How expensive is it to build a tunnel? Very expensive — typically tens to hundreds of millions of USD per kilometre, and in complex urban subway projects hundreds of millions to >$1 billion per kilometre (or $hundreds of millions–$billions per mile), depending on method, geology and how many stations/structures are required.
1. Typical cost ranges (rule-of-thumb)
① Small utility tunnels / short drives (1–4 m dia.): roughly $10–30 million per km in many markets (can be lower for very short, simple bores).
② Water/Utility Tunnels: Cheaper but still $5M–$30M per kilometer, depending on diameter and depth.
③ Road Tunnels: Typically cost $10M–$50M per kilometer (e.g., Turkey’s Eurasia Tunnel, $8.5M/km for a 14.6km undersea road tunnel) .
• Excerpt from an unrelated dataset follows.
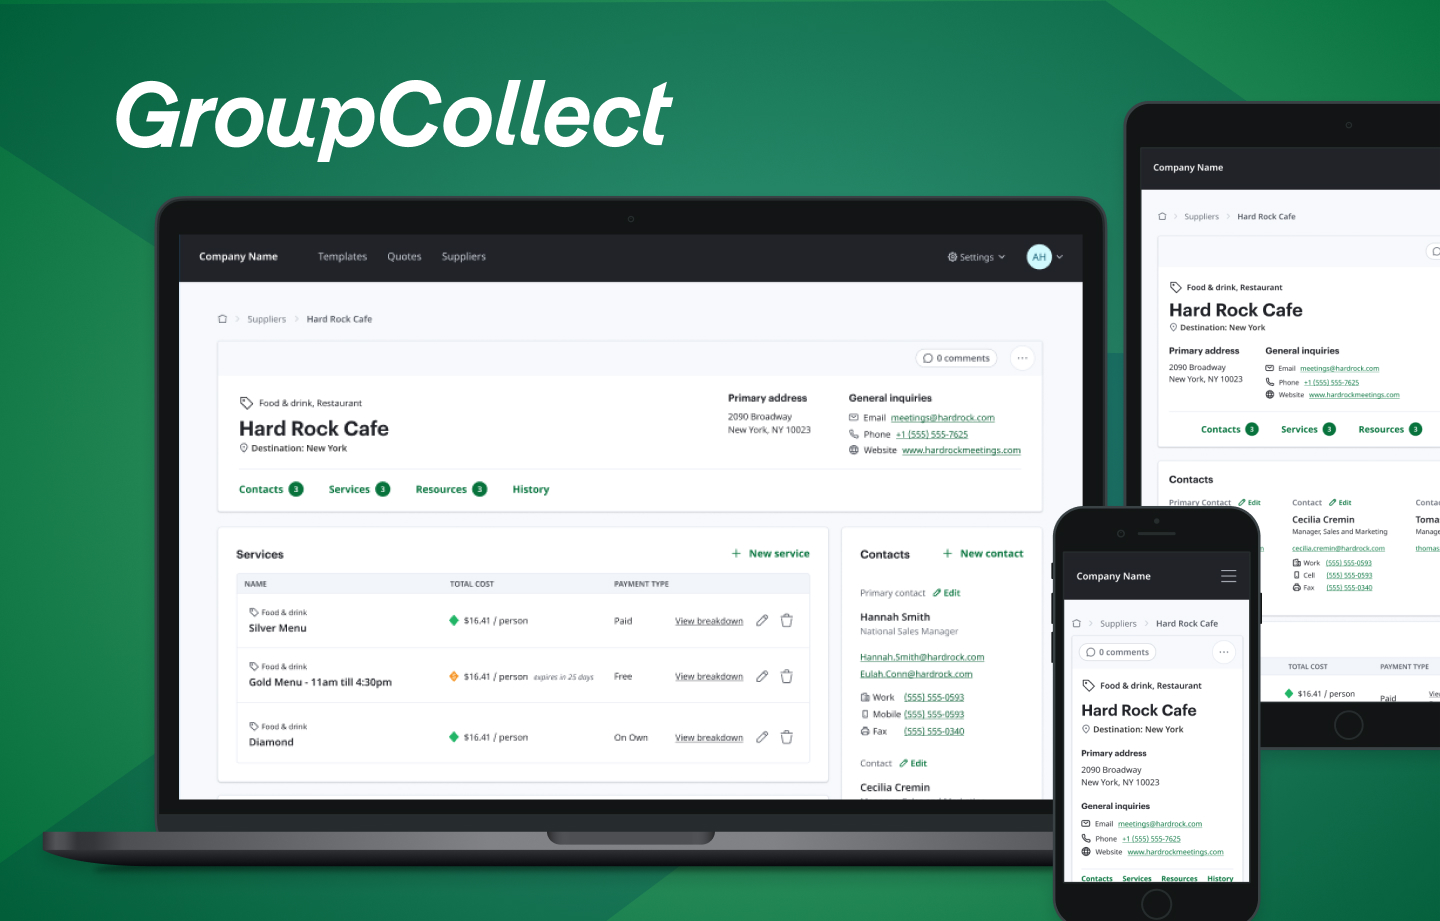 GroupCollect Quotes' supplier page design

④ Standard metro / rail tunnels (urban, bored or drill+blast): ~$100–$500 million per km in many countries; weighted global averages from a large database are around $238M/km (2023 PPP).
⑤ Complex urban projects (deep, congested cities, many stations, strict regulations): $500M–$1.5B+ per km is seen in places like New York (examples quoted as roughly $1.5–2.5B per mile, which is about $930M–$1.55B per km).
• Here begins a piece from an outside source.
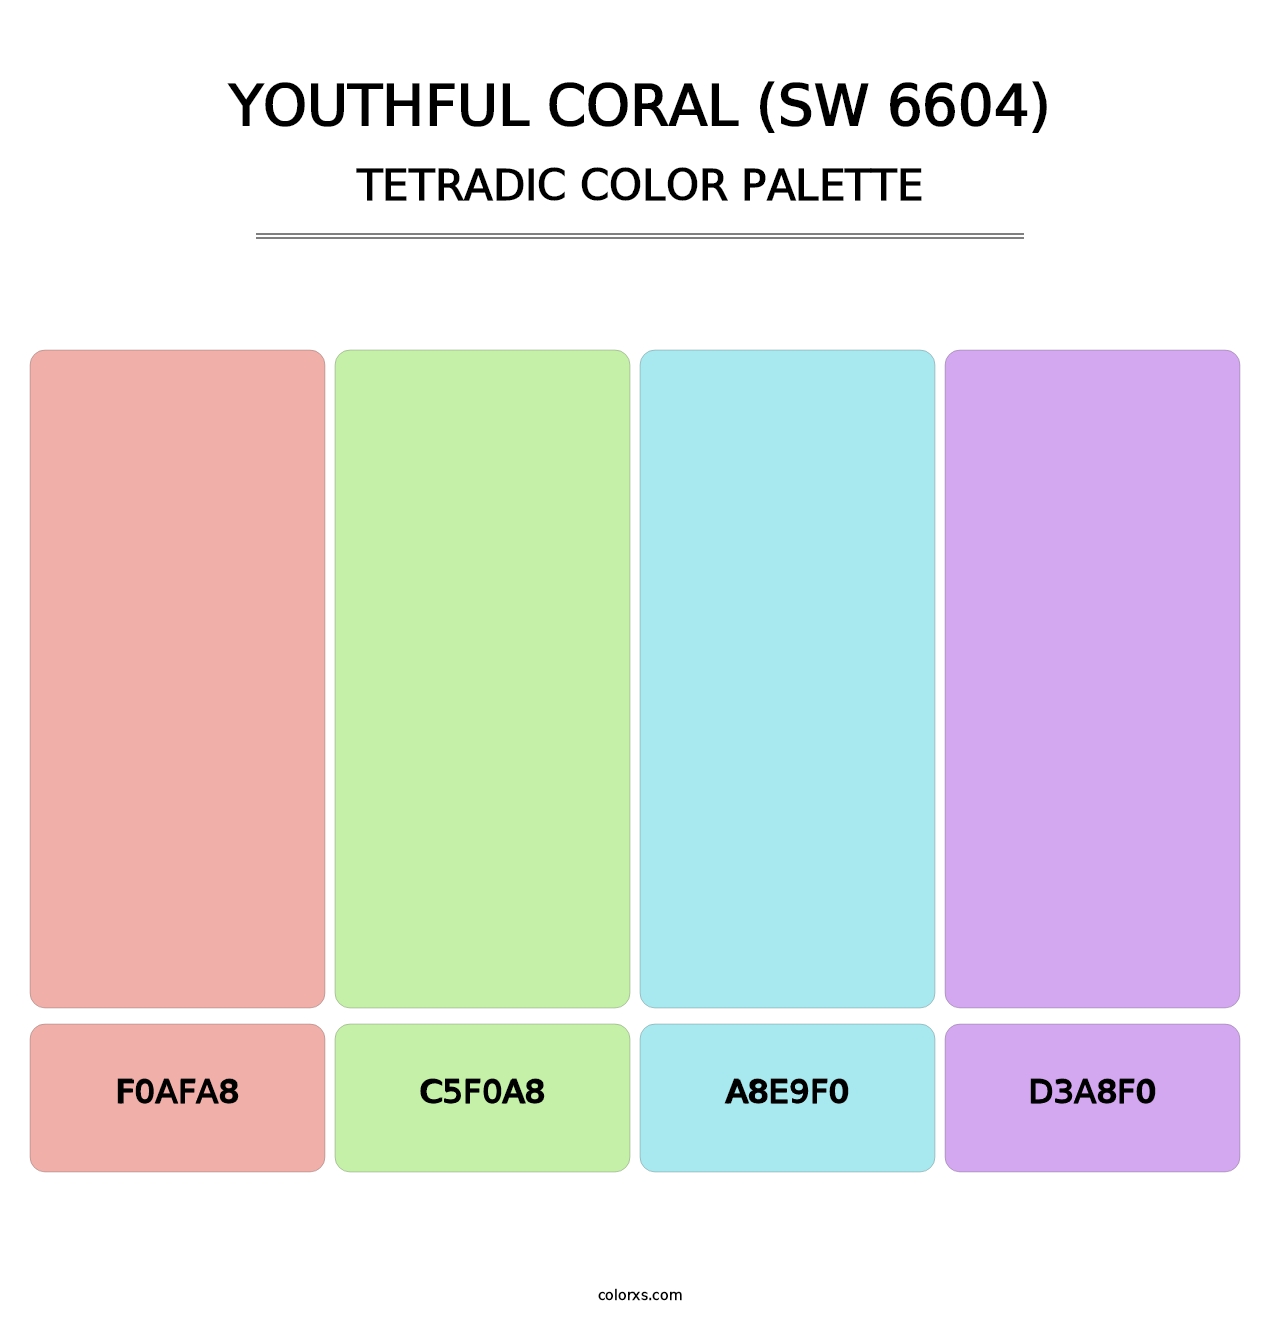 Youthful Coral (SW 6604) - Tetradic Color Palette

⑥ Very long/major projects (e.g., Gotthard, Channel Tunnel): total costs run into the billions; per-km cost depends on scope but historically major base tunnels have worked out in the low hundreds of millions per km when averaged over the whole project.
2. Why the huge spread? (main cost drivers)
① Geology & groundwater — soft ground, high water pressure, squeezing rock or fault zones → much higher risk and costs.
② Method — TBM (high mobilization but efficient for long, consistent drives) vs drill-and-blast (flexible, cheaper for short/variable tunnels).
③ Diameter / cross-section — bigger tunnels = exponentially more excavation, lining, and finishing.
④ Depth & urban utilities — deep alignments, need to relocate utilities, underpin buildings, or work under traffic = major cost uplift.
⑤ Stations & portals — in metros, stations often cost more than the tunnelling per km (excavation, systems, finishes).
⑥ Regulation, labor, local procurement, environment & compensation — varies hugely by country and city.
⑦ Systems & fit-out — ventilation, safety, signalling, track, waterproofing, etc. can add large sums after excavation.
3. Real examples (illustrative)
① TransitCosts database (wide set of projects): weighted average $238M / km (2023 PPP-adjusted). Good for seeing global spread.
② U.S. big city projects: media/industry analysis shows some NYC projects can approach $1B+ per km (e.g., $1.5–2.5B per mile quoted for some NYC segments). High U.S. labor, regulation and complexity are cited reasons.
③ Channel Tunnel & Gotthard: multi-billion projects where the per-km average (when you spread total cost) lands in the low hundreds of millions per km, but these are special, large, long-duration projects with unique scope.